Experts are urging nations to rethink the pursuit of total AI sovereignty in favor of a model called "smart interdependence" [1].
This shift in strategy matters because the cost of building entirely self-sufficient AI ecosystems is becoming impractical for most countries [2]. As nations race to secure digital autonomy, the financial and technical burdens of creating domestic hardware and software stacks from scratch may outweigh the benefits [2].
Srikanth Velamakanni, co-founder of Fractal Analytics, said these dynamics during a segment with hosts Menaka Doshi and Haslinda Amin [1]. Velamakanni said that true sovereignty does not require a country to own every part of the AI value chain. Instead, he said that nations should focus on creating digital leverage through strategic partnerships [3].
Full self-sufficiency is often viewed as an unattainable goal for many governments due to the specialized infrastructure and talent required [2]. By moving toward interdependence, countries can share resources and technical breakthroughs, while still maintaining control over their specific national interests [3].
This approach allows states to avoid the trap of costly isolationism in the tech sector.
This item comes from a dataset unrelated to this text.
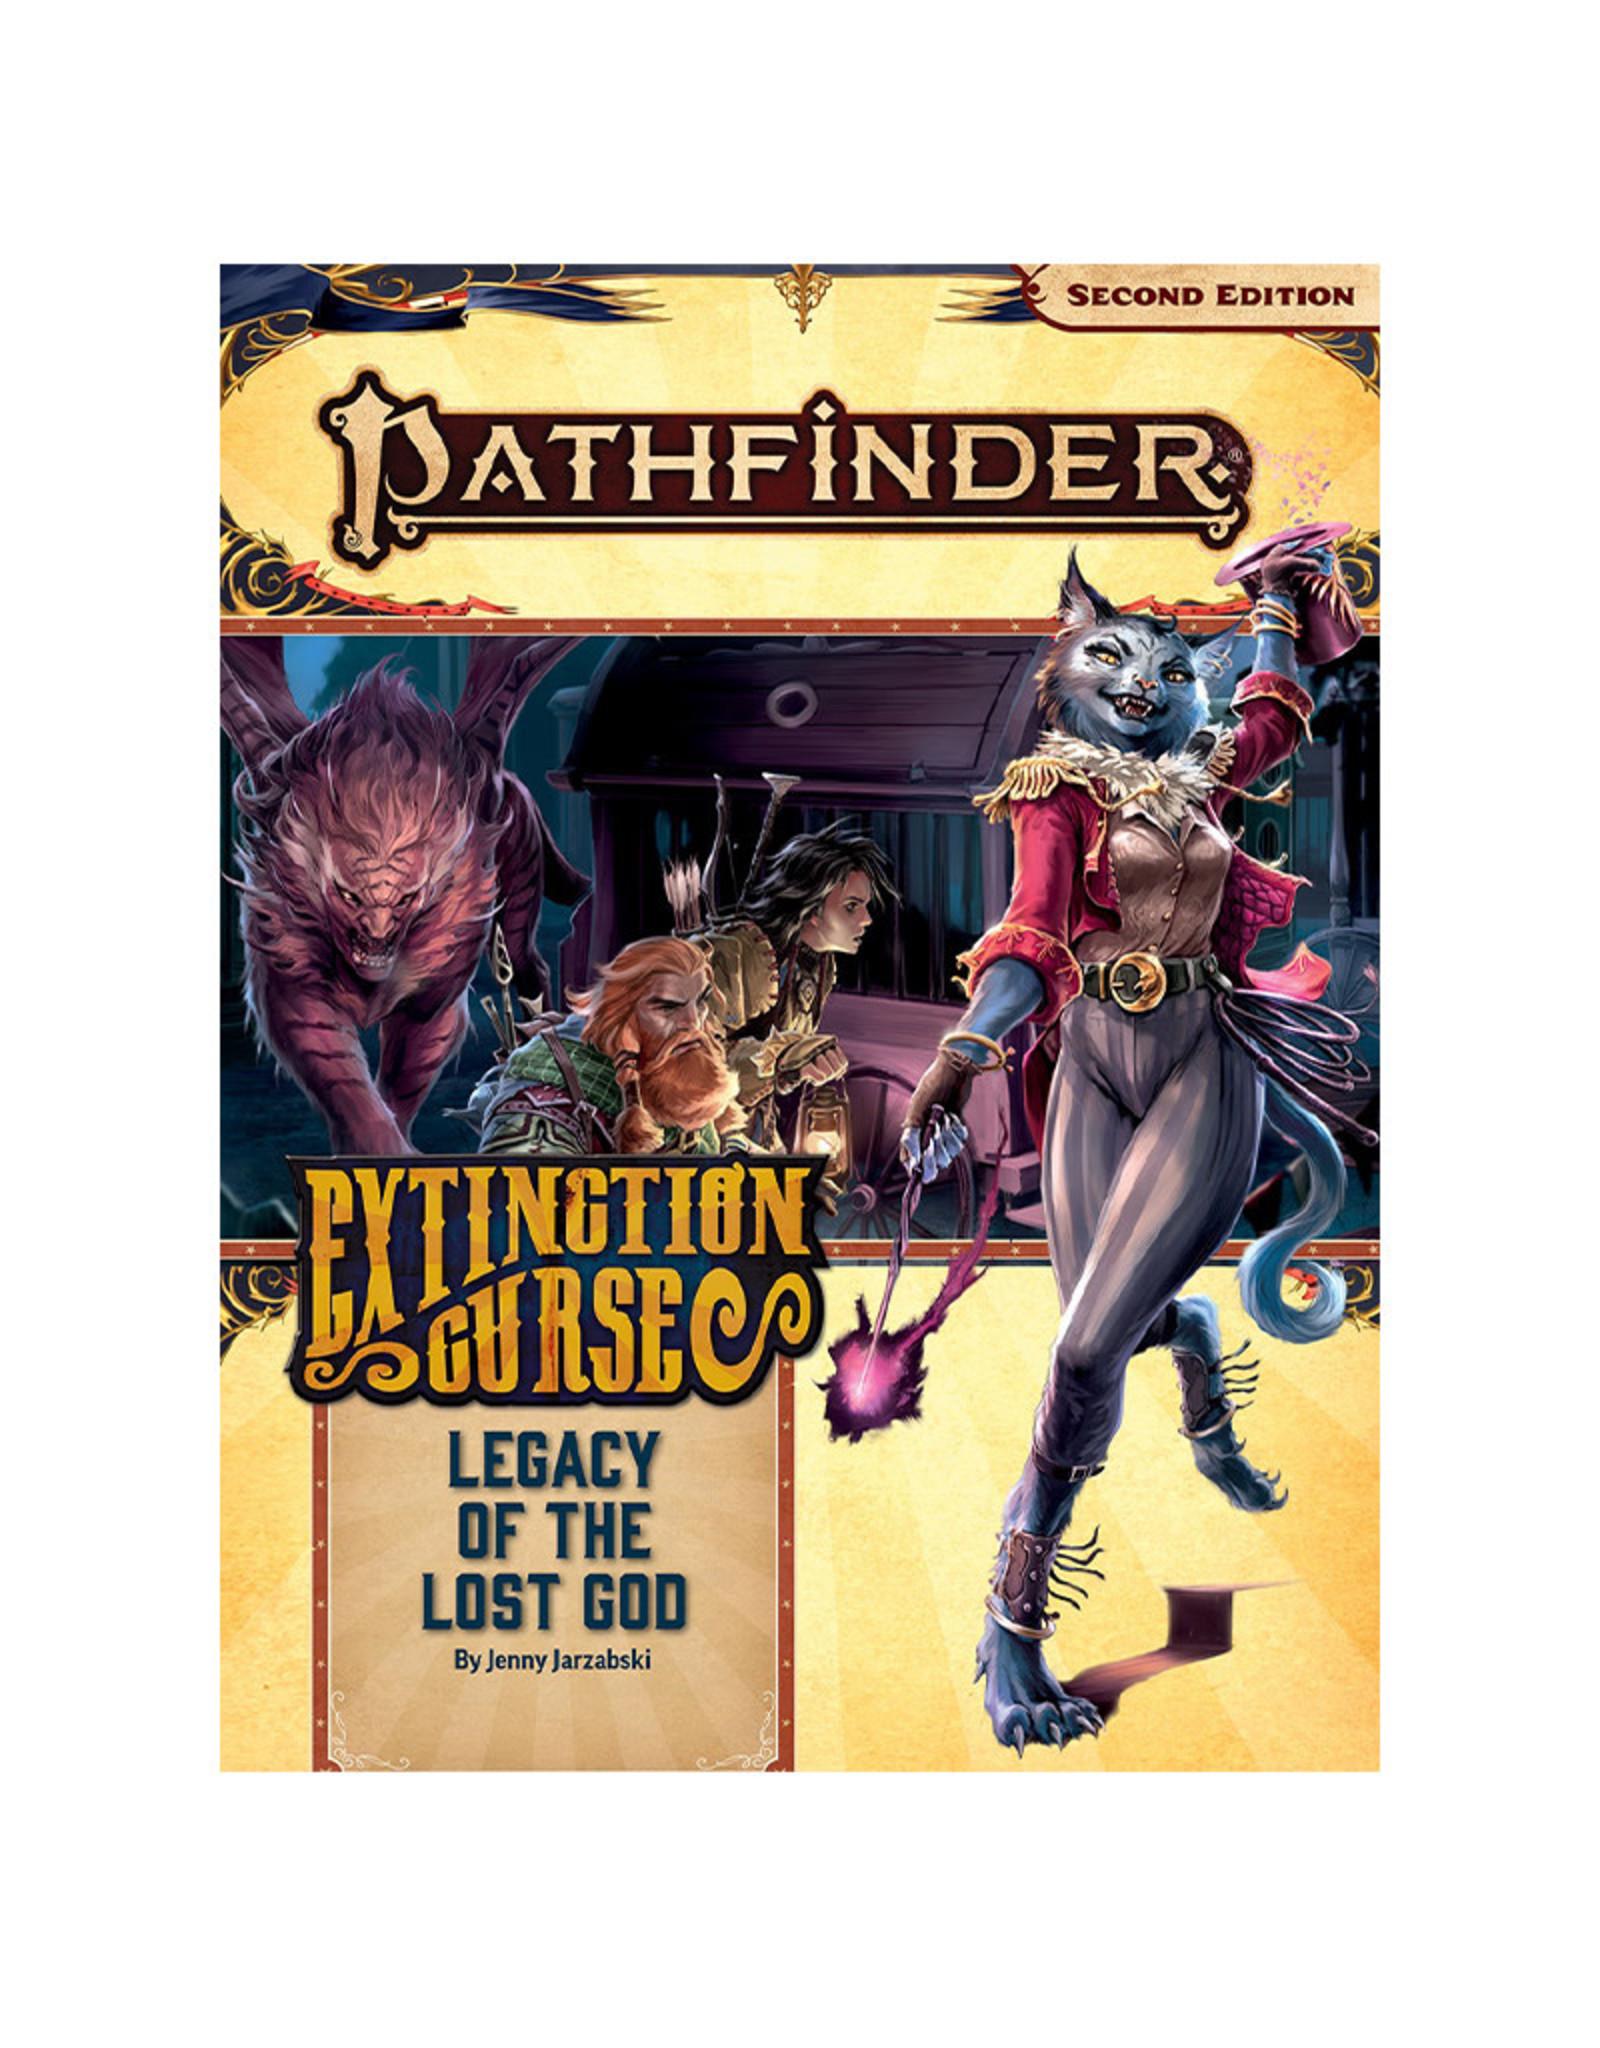 Paizo Pathfinder RPG: AP Extinction curse PT 2 Legacy of the Lost Gods

Rather than attempting to replicate the entire AI stack, countries can integrate global tools while developing localized expertise to ensure they are not overly dependent on a single foreign provider [3].
“Smart interdependence may be more valuable than full self-sufficiency in AI.”
The transition from 'AI sovereignty' as isolationism to 'smart interdependence' signals a pragmatic shift in global geopolitics. It suggests that the next era of technological competition will be defined not by who can build a closed system, but by who can best manage a network of strategic alliances to maintain autonomy without incurring the prohibitive costs of total independence.